# What is being asked
Look through the records, and wherever the string "Size" turns up, copy out that line.

━━━ Raw data

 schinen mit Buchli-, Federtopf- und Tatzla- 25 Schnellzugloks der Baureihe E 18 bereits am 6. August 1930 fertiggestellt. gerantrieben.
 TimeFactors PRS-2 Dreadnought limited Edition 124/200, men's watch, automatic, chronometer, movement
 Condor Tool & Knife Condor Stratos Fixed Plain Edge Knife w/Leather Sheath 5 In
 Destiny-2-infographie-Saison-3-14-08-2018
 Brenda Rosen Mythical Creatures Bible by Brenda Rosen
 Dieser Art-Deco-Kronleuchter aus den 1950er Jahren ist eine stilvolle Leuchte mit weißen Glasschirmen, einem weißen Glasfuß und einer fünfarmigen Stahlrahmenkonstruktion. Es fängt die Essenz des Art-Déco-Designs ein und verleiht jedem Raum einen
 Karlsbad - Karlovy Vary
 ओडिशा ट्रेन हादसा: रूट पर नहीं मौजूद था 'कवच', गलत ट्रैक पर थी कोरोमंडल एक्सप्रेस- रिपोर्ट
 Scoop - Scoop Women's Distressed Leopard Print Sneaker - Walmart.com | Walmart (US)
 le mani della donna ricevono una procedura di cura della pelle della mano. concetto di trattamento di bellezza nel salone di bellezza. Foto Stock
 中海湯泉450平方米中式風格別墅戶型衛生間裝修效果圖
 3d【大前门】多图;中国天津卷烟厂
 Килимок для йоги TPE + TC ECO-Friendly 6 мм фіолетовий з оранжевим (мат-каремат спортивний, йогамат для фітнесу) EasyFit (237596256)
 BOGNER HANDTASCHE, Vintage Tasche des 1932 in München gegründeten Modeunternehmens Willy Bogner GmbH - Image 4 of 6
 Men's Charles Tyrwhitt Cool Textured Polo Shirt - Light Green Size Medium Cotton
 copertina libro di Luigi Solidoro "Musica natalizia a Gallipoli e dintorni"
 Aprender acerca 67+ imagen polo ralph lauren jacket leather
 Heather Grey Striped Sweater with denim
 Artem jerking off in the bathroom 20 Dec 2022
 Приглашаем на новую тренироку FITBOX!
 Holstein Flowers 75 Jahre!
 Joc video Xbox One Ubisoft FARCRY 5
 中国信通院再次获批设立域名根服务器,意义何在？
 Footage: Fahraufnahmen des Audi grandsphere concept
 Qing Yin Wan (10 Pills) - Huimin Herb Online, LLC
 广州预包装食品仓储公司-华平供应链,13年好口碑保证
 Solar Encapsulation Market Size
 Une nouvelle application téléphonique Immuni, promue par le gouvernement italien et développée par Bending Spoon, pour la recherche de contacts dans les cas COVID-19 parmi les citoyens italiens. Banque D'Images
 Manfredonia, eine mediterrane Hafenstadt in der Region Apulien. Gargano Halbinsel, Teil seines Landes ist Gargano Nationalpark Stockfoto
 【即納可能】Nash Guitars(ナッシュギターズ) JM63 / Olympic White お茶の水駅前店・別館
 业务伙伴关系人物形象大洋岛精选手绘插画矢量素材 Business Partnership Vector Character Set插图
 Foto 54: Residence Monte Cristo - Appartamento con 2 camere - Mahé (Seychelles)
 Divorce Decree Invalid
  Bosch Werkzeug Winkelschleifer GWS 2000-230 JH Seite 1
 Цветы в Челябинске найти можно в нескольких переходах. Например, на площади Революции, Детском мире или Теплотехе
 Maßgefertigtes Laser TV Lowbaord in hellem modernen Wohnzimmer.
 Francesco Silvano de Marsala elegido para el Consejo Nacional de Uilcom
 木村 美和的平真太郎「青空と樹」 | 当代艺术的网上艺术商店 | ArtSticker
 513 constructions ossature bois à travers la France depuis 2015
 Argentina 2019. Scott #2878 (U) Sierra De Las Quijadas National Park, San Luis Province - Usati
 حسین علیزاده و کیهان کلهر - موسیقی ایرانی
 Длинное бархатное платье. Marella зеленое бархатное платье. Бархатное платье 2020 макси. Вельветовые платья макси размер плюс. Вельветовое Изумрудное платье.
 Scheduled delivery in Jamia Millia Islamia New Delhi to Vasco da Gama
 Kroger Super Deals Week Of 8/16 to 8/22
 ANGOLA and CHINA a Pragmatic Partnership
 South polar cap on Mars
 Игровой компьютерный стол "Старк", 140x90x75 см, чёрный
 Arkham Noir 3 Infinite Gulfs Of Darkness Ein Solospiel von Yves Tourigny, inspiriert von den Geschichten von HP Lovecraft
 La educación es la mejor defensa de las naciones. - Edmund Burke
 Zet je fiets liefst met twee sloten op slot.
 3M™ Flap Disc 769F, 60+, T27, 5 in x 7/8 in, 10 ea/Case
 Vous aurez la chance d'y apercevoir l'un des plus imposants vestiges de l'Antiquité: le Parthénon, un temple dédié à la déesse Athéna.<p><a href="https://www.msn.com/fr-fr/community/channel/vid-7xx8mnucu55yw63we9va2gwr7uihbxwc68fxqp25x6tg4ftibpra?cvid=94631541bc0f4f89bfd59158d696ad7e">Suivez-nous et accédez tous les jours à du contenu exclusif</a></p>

━━━━━━

# Solution below
 Men's Charles Tyrwhitt Cool Textured Polo Shirt - Light Green Size Medium Cotton
 Solar Encapsulation Market Size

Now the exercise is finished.